Or the soul of twit, judging by the subject matter. My two fave recaps of dumbyass's speech last night, which I assiduously avoided, trying very hard to come down off a distressingly stressful MRI exam yesterday afternoon*. My body just could not take another threat to its well being, perceived or real:
[*MRIs suck. Well, I'm sure they're quite good at what they do (what do I know?), but I am not a fan of getting inside one. You know when you feel like you're going to suffocate and your heart starts to beat out of your chest and adrenalin is coursing through you so much that you cannot prevent yourself from shaking? Well, I don't, but that was me yesterday. Not.A.Fan.Of.The.MRI. Thanks to the nice nurse who held my hand for the duration. No thanks to my brain for not being able to override my instincts. Dang. No amount of intellectual understanding of the process, nor lack of fear about it, nor rational remove could overtake the decidedly superior (in this instance) fight-or-flight response. To sum up, it sucketh for those of us with even slight claustrophobia, but I was able to make it through the whole 45 minute ordeal via a highly motivated program of 1) stop it, wimp! 2) you don't want to pay for this twice, 3) singing the national anthem -- the only song I could remember! -- over and over, while 4) concentrating on one spot in the middle distance (eyes closed), and 5) trying to remember to breathe. I would much rather have had visualized my horseback ride along Ushuaia Bay, which I tried in vain to do, but I couldn't call any images up, not even of db!
Having had this experience, and you'll please forgive the empathetic leap I am about to make, I feel even more saddened about (and frightened for) the victims of torture. I am not comparing the experiences, obviously, but I am saying that my body was in distress and in a state I could not control, and if anyone had made me feel that way on purpose in a different context, I would have considered it a significant violation.
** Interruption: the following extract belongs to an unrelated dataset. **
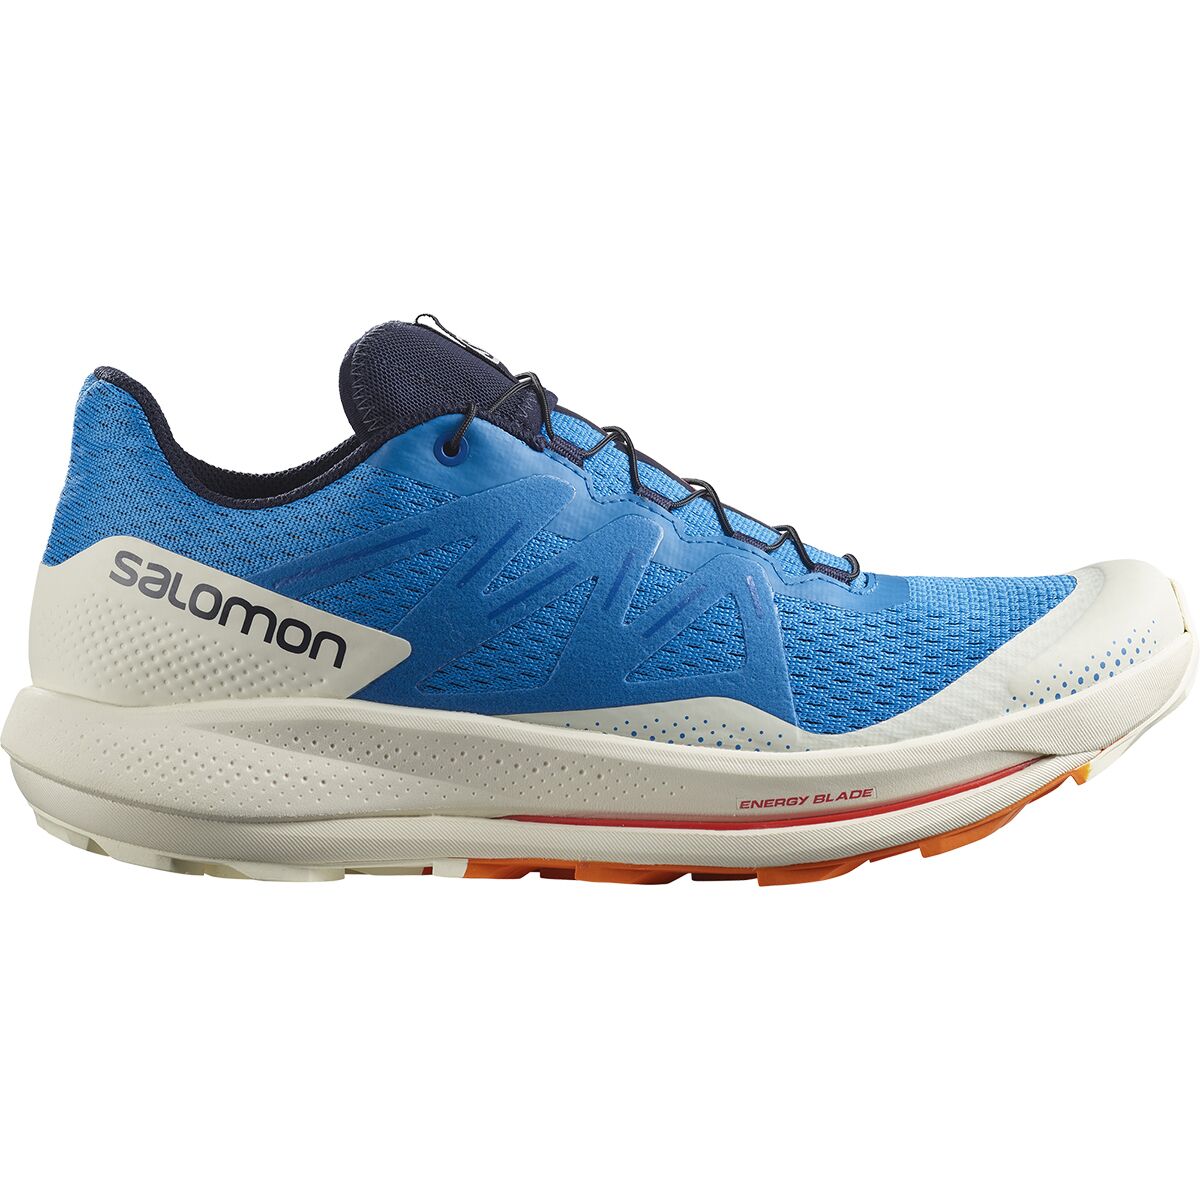 Salomon Pulsar Trail Running Shoe - Men's

I do not suffer from panic disorder or anxiety attacks, which is a bleeding wonder considering the atrocious news we hear on a daily basis, but I had to talk myself through breathing (!), try to override the all-body shakes, and to wonder at the end if the stress was going to make me have a heart attack when I felt a constriction and pressure in my chest and a pain down my left arm. This is not normal, and this is happening in hospital conditions. What if this were happening in medically-supervised, non-hospital, "detention center" conditions, which is to say what if people were frightening other people like this on purpose? What if they knew someone were claustrophobic, say, or afraid of the dark or of dogs, and then they manipulated that person's environment to play against these fears, and what if they did it again and again? I dare say that people could not last very long under that amount of strain without considerable damage to mental and physical well being. I was spent after an hour of it, knowing I was ostensibly safe and could stop at any time.]